Inmarsat Launches Its Second Broadband Satellite
Inmarsat Launches Its Second Broadband Satellite.
Inmarsat-4 F2 lifts off: Inmarsat's satellite-based broadband communications system is two-thirds complete. The spring launch of F1 covered Europe, Africa, the Middle East, Asia, and the Indian Ocean. Today's launch from the Sea Launch platform near the equator adds South America, most of North America, the Atlantic Ocean, and parts of the Pacific. That leaves a large unserved overseas swath for Asia-Pacific flights and maritime activities, but it's probably the least dense area for the broadband service Inmarsat will deliver.
The birds require shakedown time, and services will lag launches by many months. The first service to launch will be Broadband Global Area Network or BGAN, offering broadband speeds with a portable terminal anywhere within the coverage range of the satellites.

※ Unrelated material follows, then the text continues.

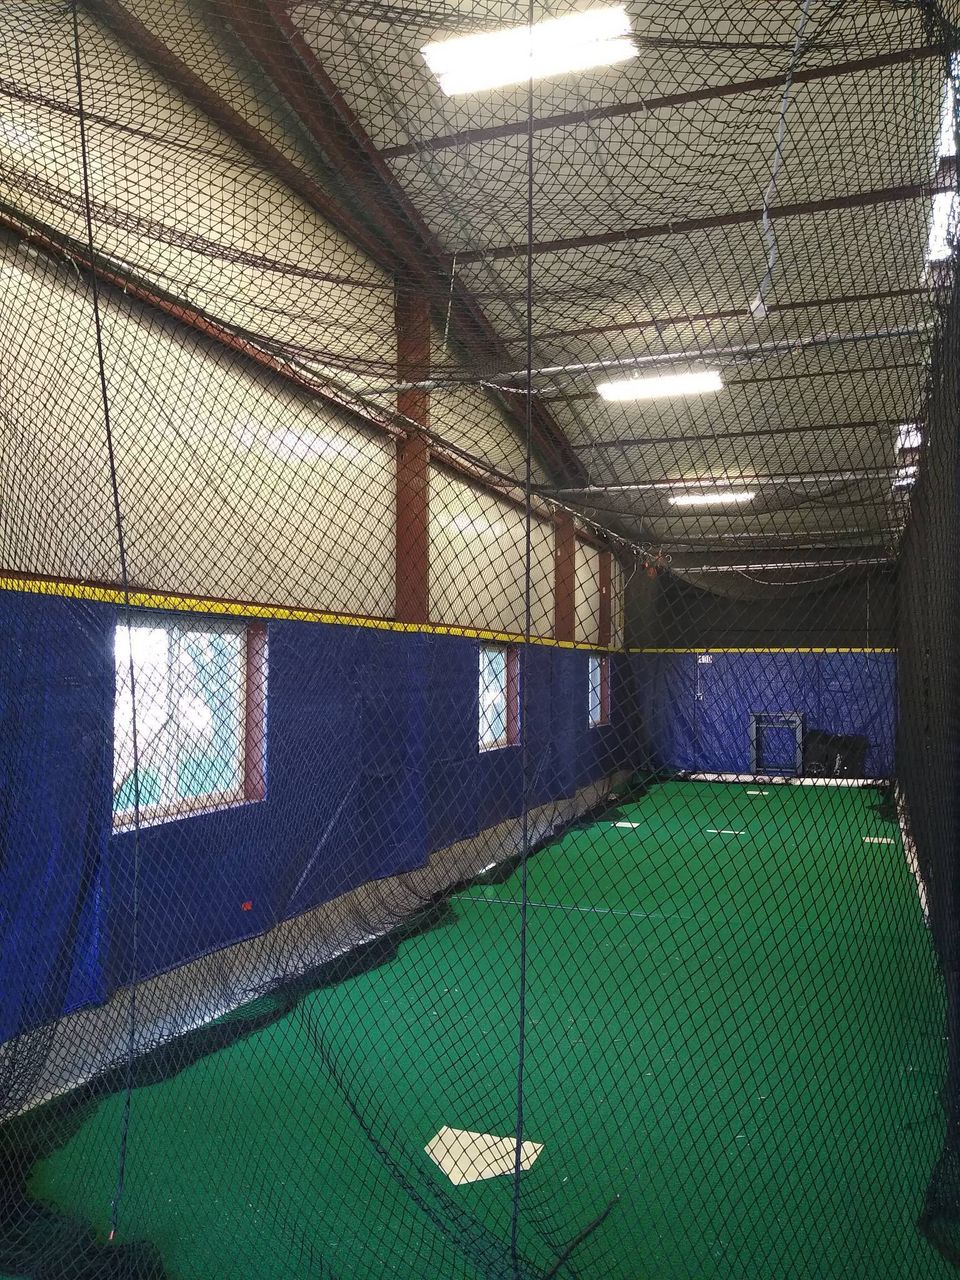 Club hitting indoor hitting cage nets
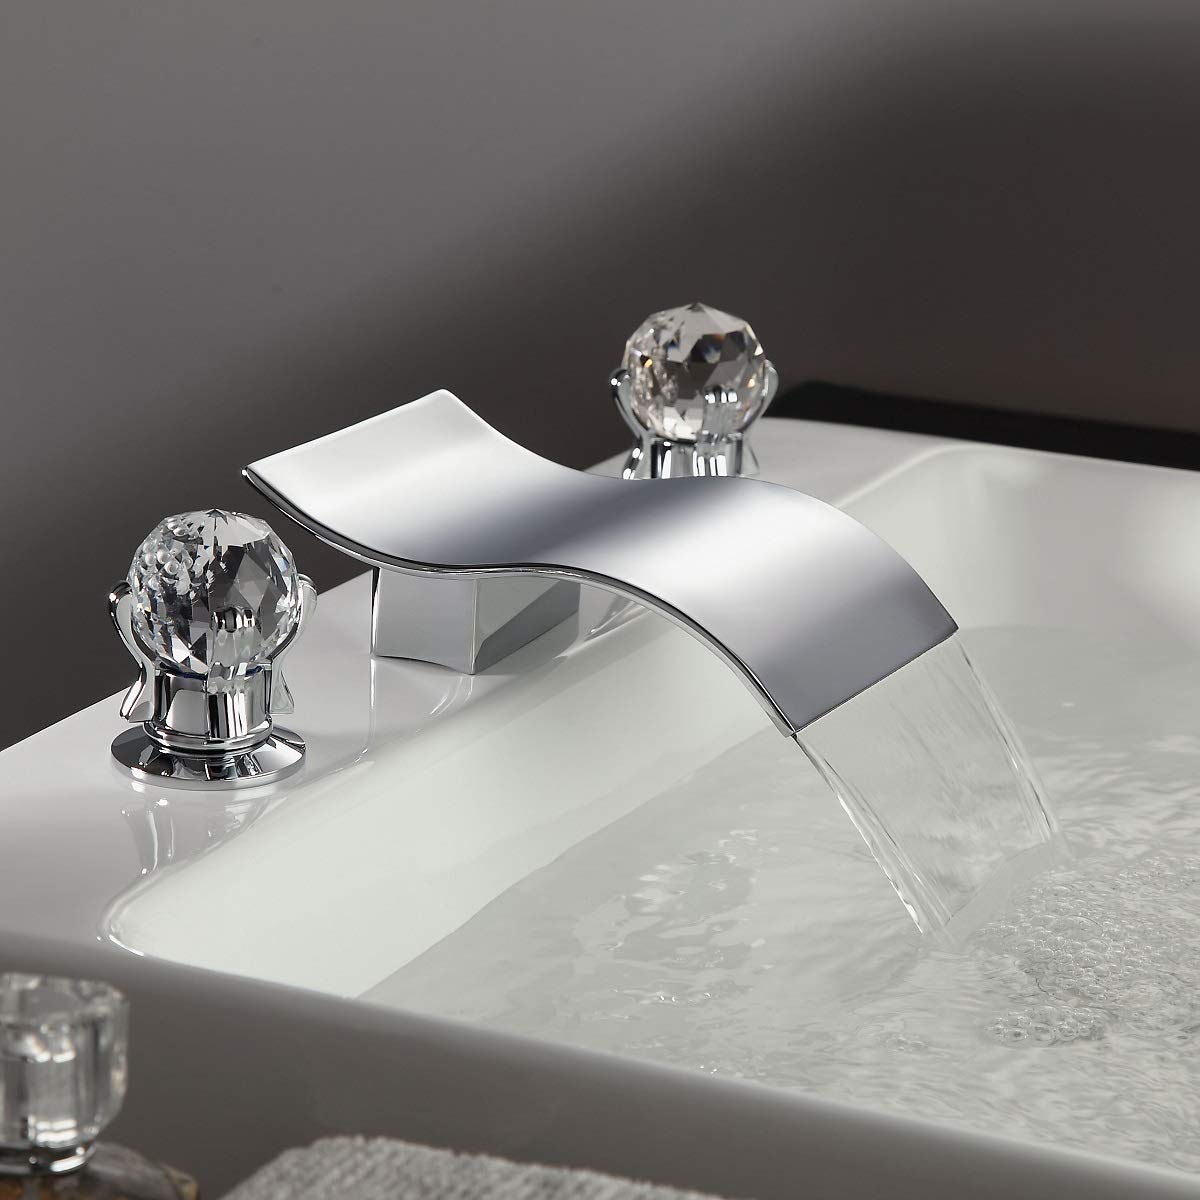 Waterfall Bathroom Sink Faucet with Dual Crystal Handles

The system uses spot and broader focus beams that can be repointed where capacity requires.
For in-flight purposes, OnAir, the joint venture of Airbus, SITA, and the former Tenzing will deploy using this service late next year to bring roughly 500 Kbps to 2 Mbps of symmetrical, guaranteed-per-plane service. The aeronautical service on the satellites will come online later than terrestrial. And the launch next year of the third satellite means that early service will focus on European overwater routes to the US and overland to Asia and down south to other continents.